The task: Return each line exactly, from the one that has "Hook Clasp Sterling" through the end of the entries, both ends included. Pictures do not belong.

Excerpts from a dataset:

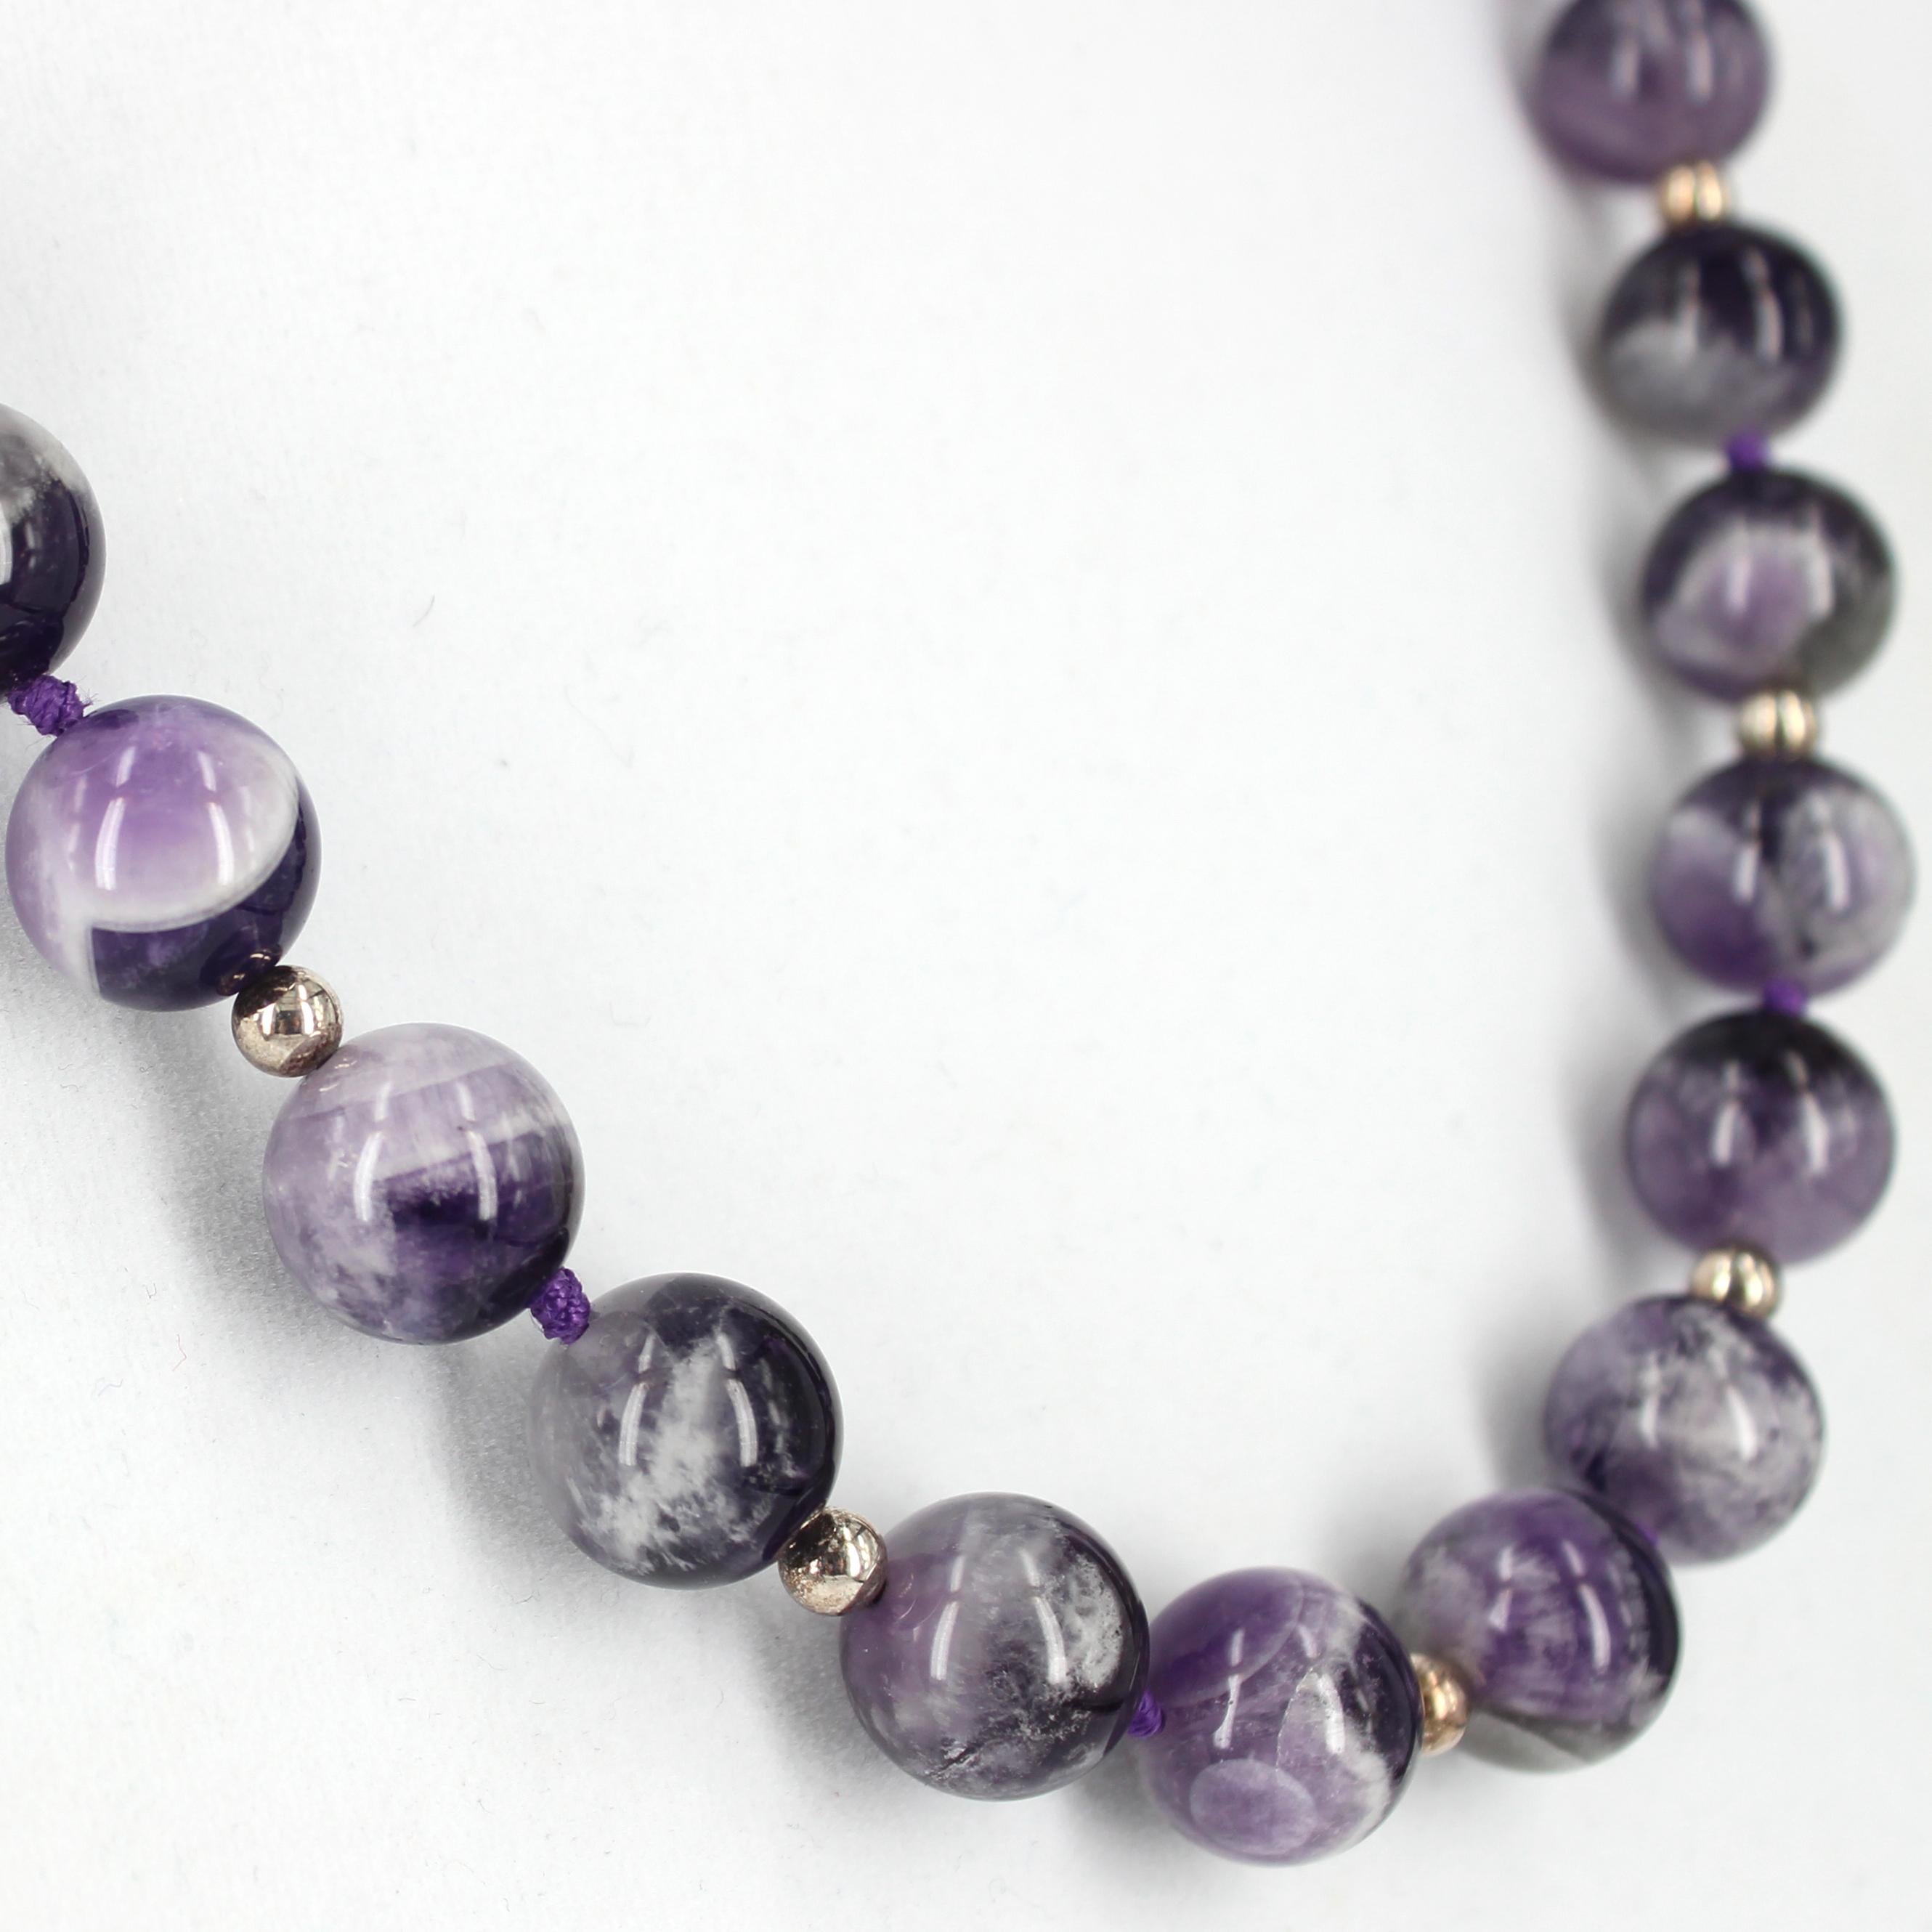 
Chevron Amethyst  14mm Polished Round Bead Necklace 54cm Knotted in Sections

Descriptions Chevron Amethyst  Round Beads 14mm 
                      Sterling Silver Round Beads 5mm 
                      Hook Clasp Sterling Silver 
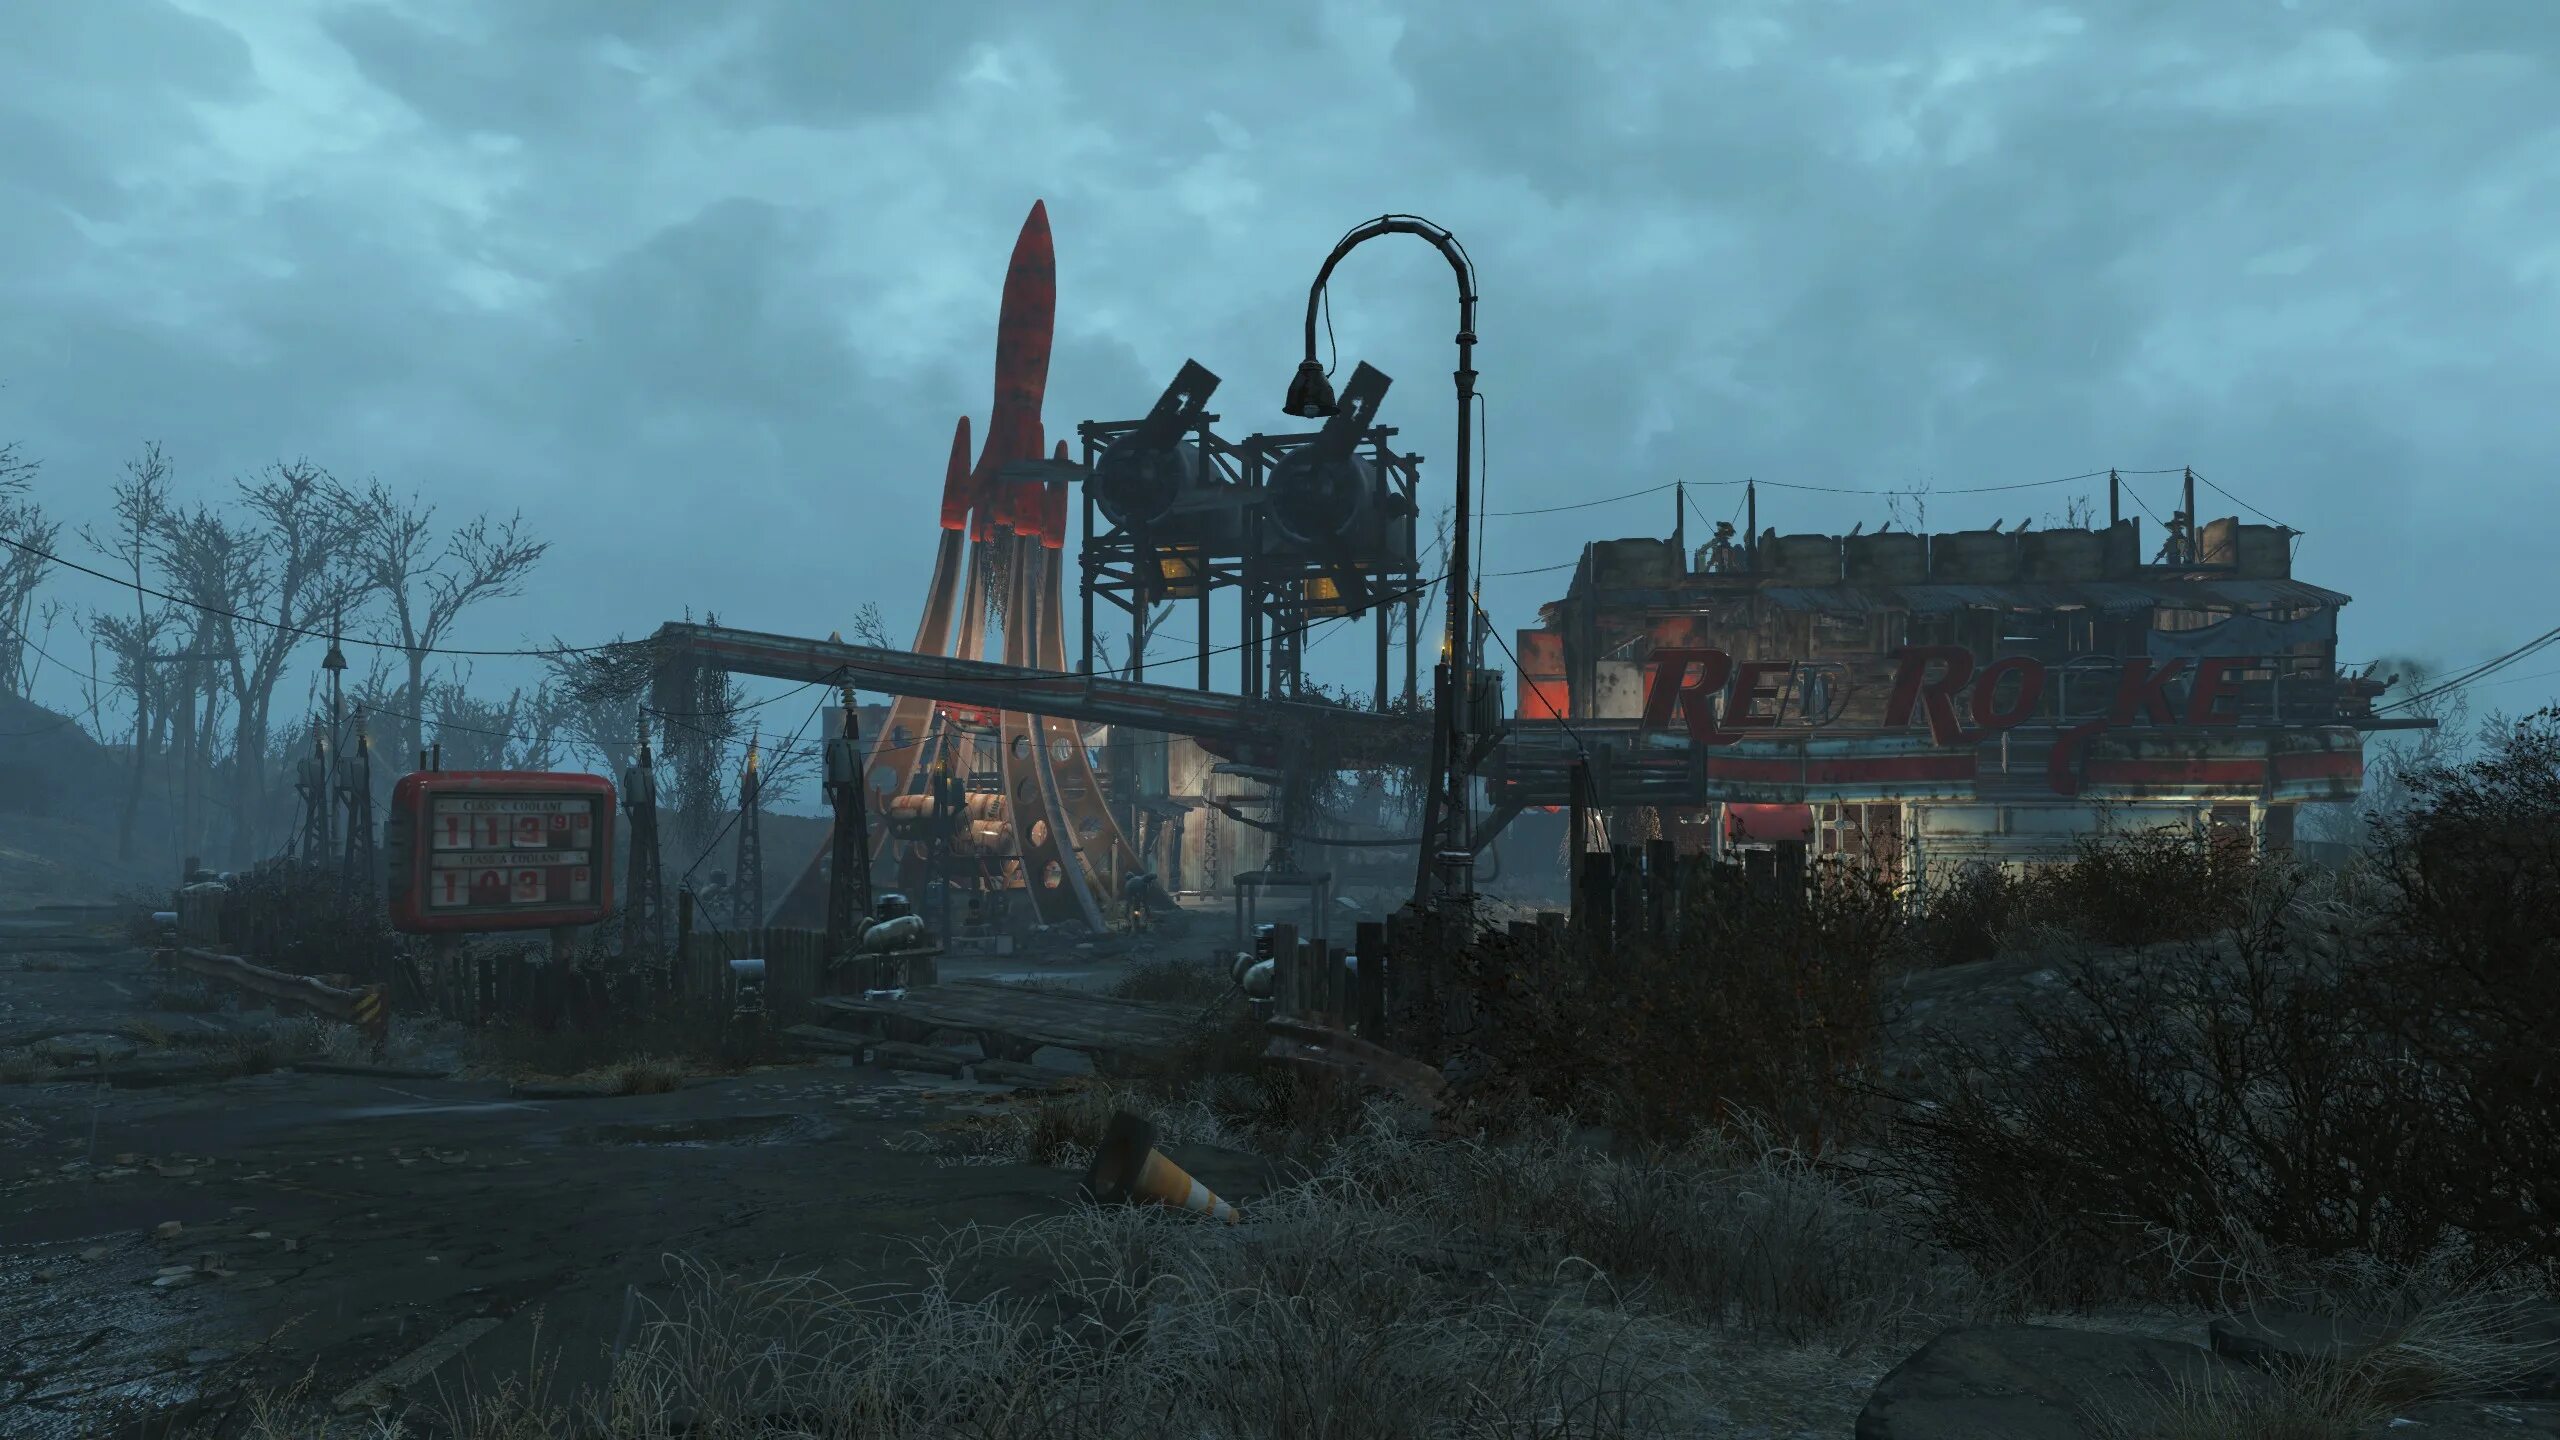 Fallout 4 Red Rocket. Фоллаут Red Rocket. Красная ракета фоллаут 4. Красная ракета фаллаут4.

Written answer:
                      Hook Clasp Sterling Silver 
 Fallout 4 Red Rocket. Фоллаут Red Rocket. Красная ракета фоллаут 4. Красная ракета фаллаут4.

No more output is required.